Evangelism for the masses
Plan to attract more visitors to city cathedral ran the headline, so naturally 30DAys was intrigued. Apparently, Chester Cathedral has been running an online survey to try and find out what would make more people visit it. Cathedral spokesman Nick Fry is quoted as saying: ‘Millions of people come to the city each year, but only a relatively small number find their way into the cathedral. How can more of these visitors be encouraged to come in and look around this amazing place? What facilities do they want and how can the cathedral best meet their needs?’ Fascinated, 30DAys rushed to take part, only to find that the meat of the survey – Question 11 – was something of a let-down:
What would encourage you to visit Chester Cathedral? (Please select)
Better Visitor Facilities – Café, Shop, Toilets
Better Displays and Exhibitions
Opening Central Tower and Upper Galleries
Special “One Off” Exhibitions
Exterior of the Building
Other (please specify)
Unable to vote for ‘Preaching the Faith delivered to us by the Apostles’ without resorting to the indignity of Other, we decided, in the best traditions of investigative journalism, to make our excuses and leave.
Headline of the year
Full marks to the Hull Daily Mail for this January offering: Man banned from talking to his vicar for 10 years. Sadly, it turns out to be something of a con, as the ‘vicar’ in question turns out to be a Methodist Minister, but nevertheless the story will at least give the Illustrative Draft Code of Practice Working Party a whole new approach to consider if they have to go back to the drawing board after this month’s General Synod. Following the example of the Revd Robert Amos, who felt constrained to obtain an ASBO to prevent a local blogger from bothering him, it really ought to be possible for a bishop to do the same to a recalcitrant parish . . .

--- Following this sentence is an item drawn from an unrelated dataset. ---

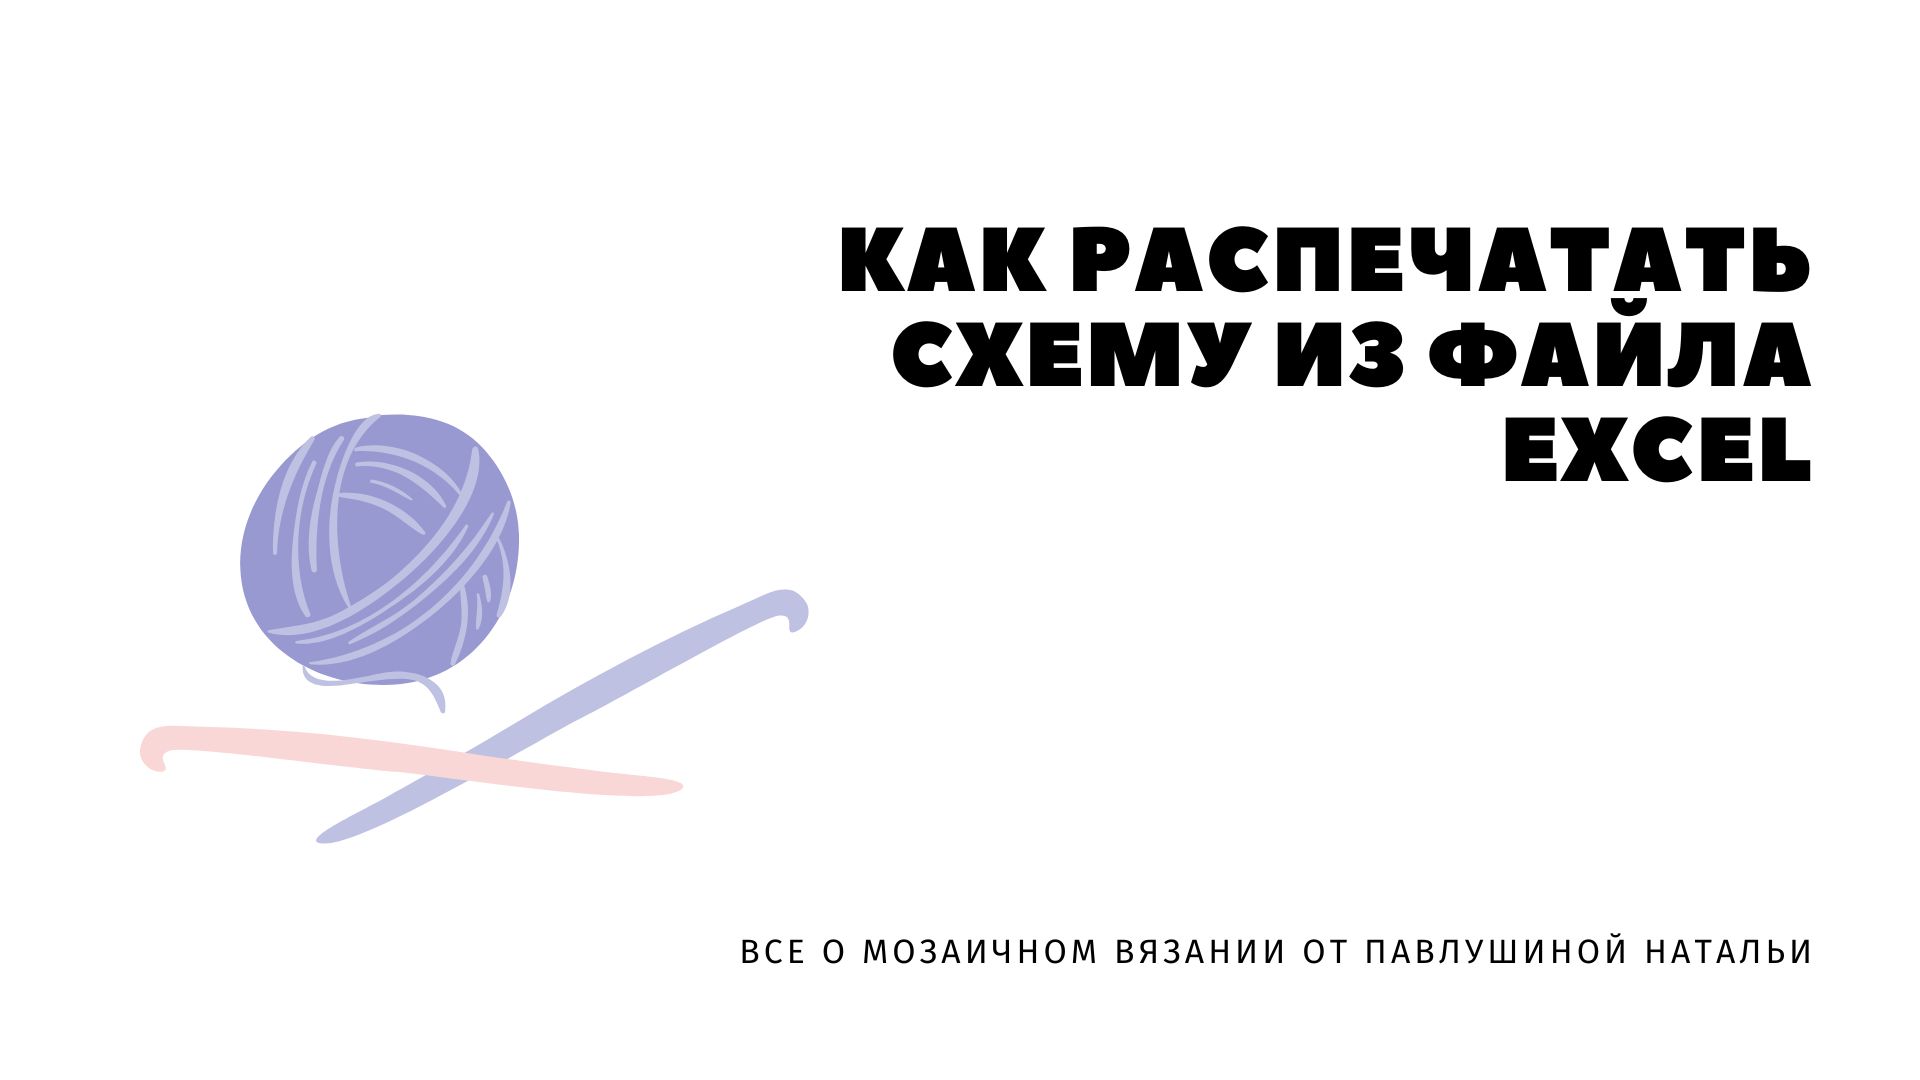 Вязание крючком: схемы, картинки изделий, видио уроки и др | ВКонтакте

A shock press release from the LGB&T Anglican Coalition (that’s Lesbian, Gay, Bisexual and Transgender for those of you not up in these things), to the effect that – wait for it! – a ‘limited survey’ by the Coalition has already revealed that ‘almost 100’ Church of England churches would want to explore registering their buildings to offer Civil Partnerships if the poor old homophobic Church of England would only allow it. (Almost 100? Well, 95 actually.)
Over to Canon Giles Goddard, Priest in Charge of S .John, Waterloo (the headquarters of WATCH, don’t you know), a member of the Coalition and Chair of InclusiveChurch who is quoted as saying: ‘The 95 churches we have identified are the tip of the iceberg’. Given that the Church of England has over 16,000 churches and that something like 85% of the average iceberg is below the surface of the sea, it’s clear that Canon Goddard’s grasp of mathematics leaves something to be desired! Still, only another 2,305 to go, Giles . . .

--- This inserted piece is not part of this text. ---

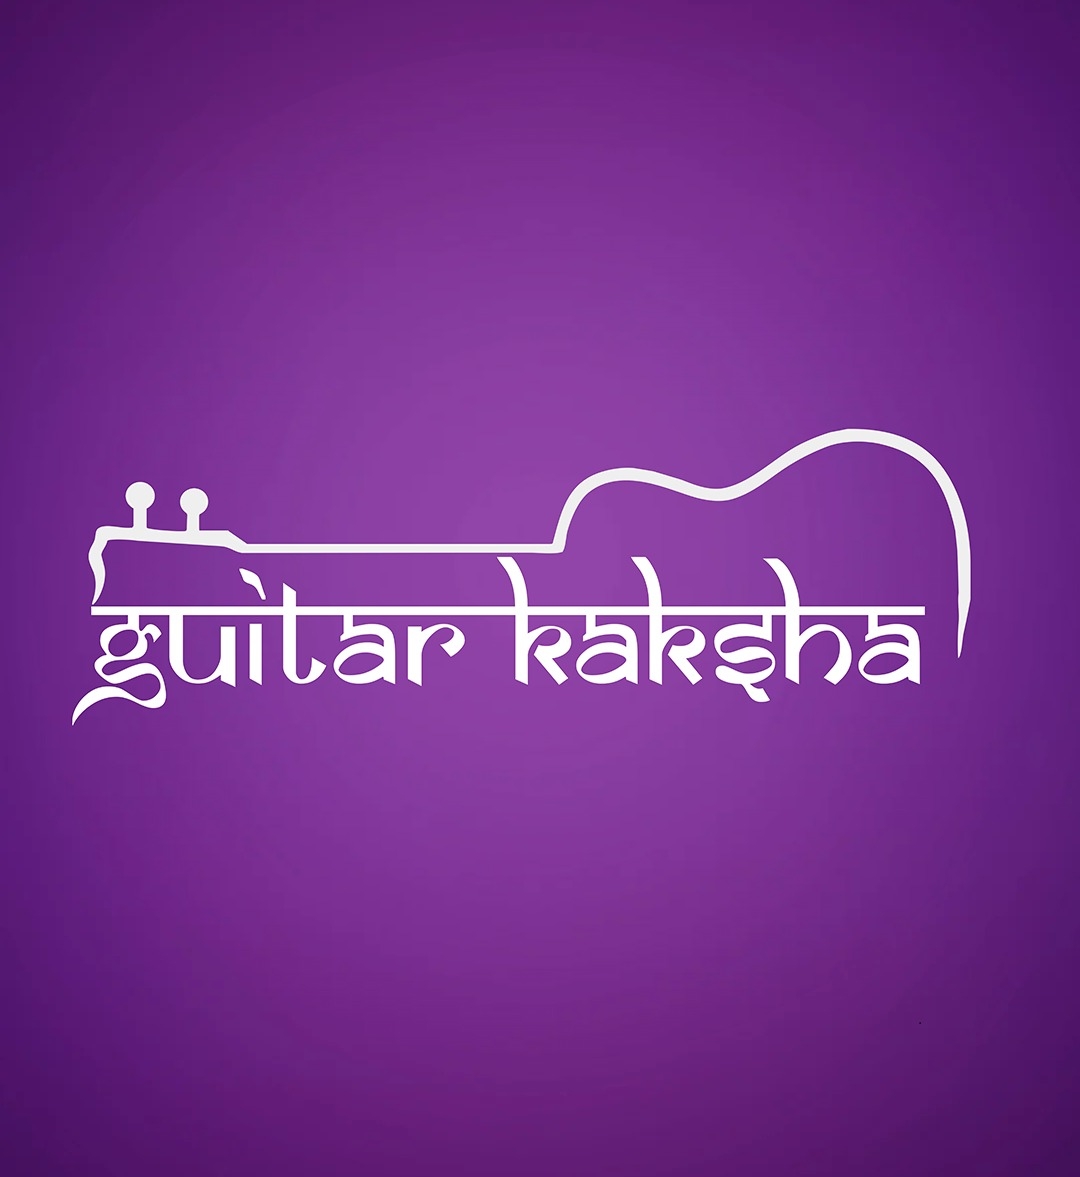 Guitar Kaksha

News has just reached us of the answer to all the Illustrative Draft Code of Practice Working Party’s prayers: an entirely new Church into which traditionalists could easily be shunted. The BBC News Website takes up the story:
‘The Swedish government agency Kammarkollegiet finally registered the Church of Kopimism as a religious organisation shortly before Christmas, the group said. We had to apply three times,” said Gustav Nipe, its chairman.

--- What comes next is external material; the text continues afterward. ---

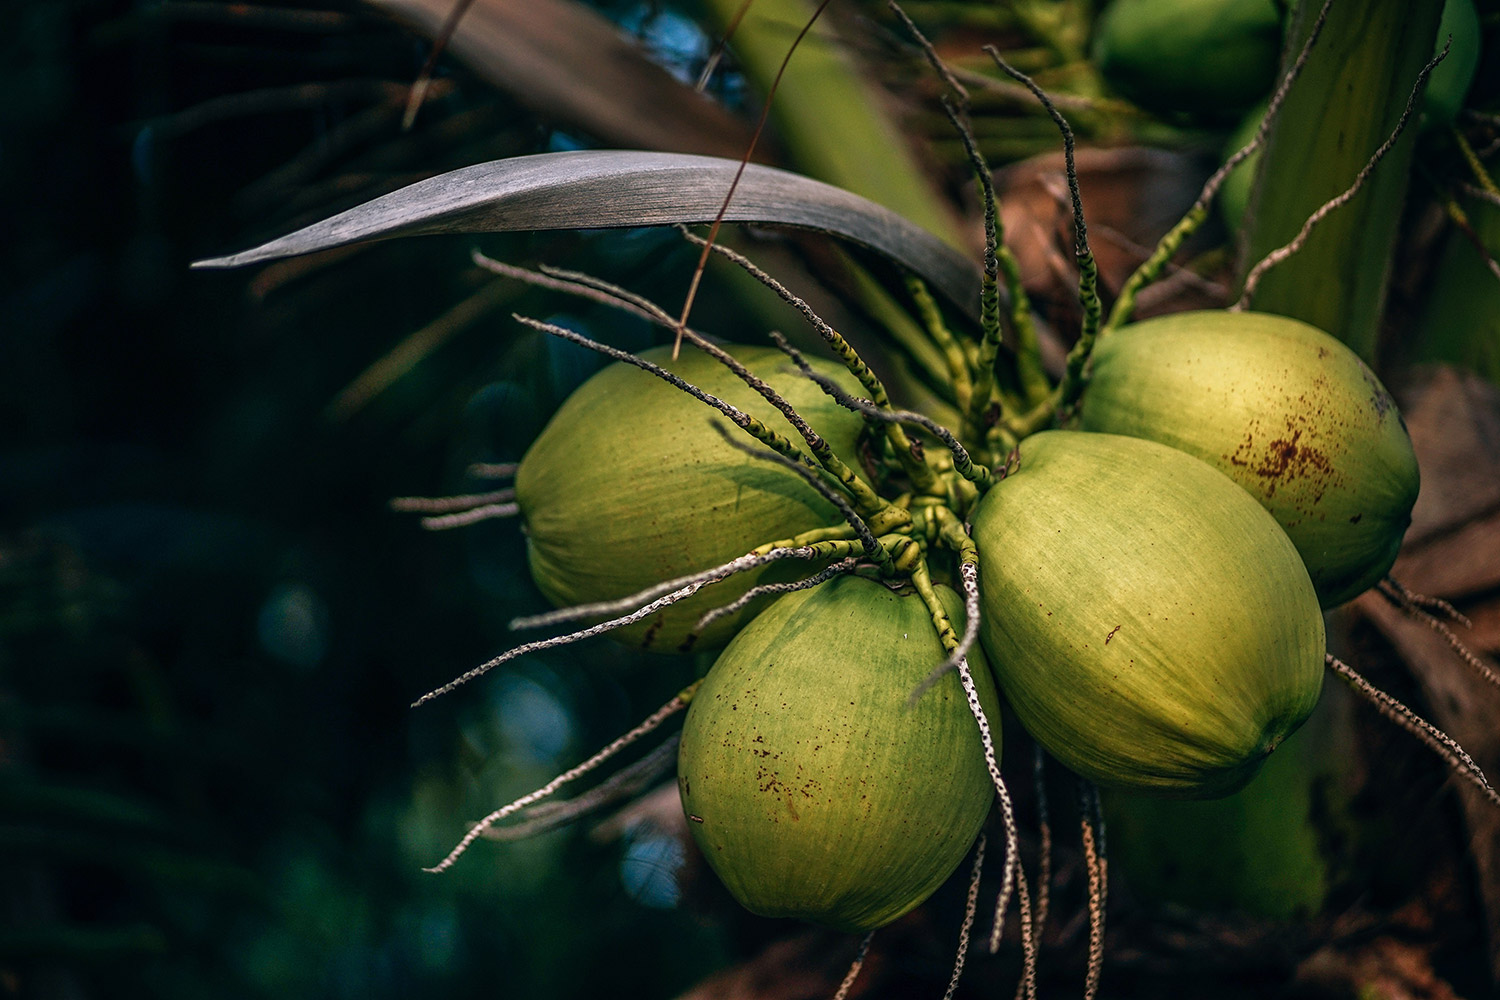 Sustentabilidade: A reutilização da casca do coco verde

The church, which holds CTRL+C and CTRL+V (shortcuts for copy and paste) as sacred symbols, does not directly promote illegal file sharing, focusing instead on the open distribution of knowledge to all. It was founded by 19-year-old philosophy student and leader Isak Gerson. He hopes that file-sharing will now be given religious protection. “For the Church of Kopimism, information is holy and copying is a sacrament. Information holds a value, in itself and in what it contains and the value multiplies through copying. Therefore copying is central for the organisation and its members,” he said in a statement. “Being recognised by the state of Sweden is a large step for all of Kopimi. Hopefully this is one step towards the day when we can live out our faith without fear of persecution,” he added.’ And you thought the Porvoo Agreement was dotty?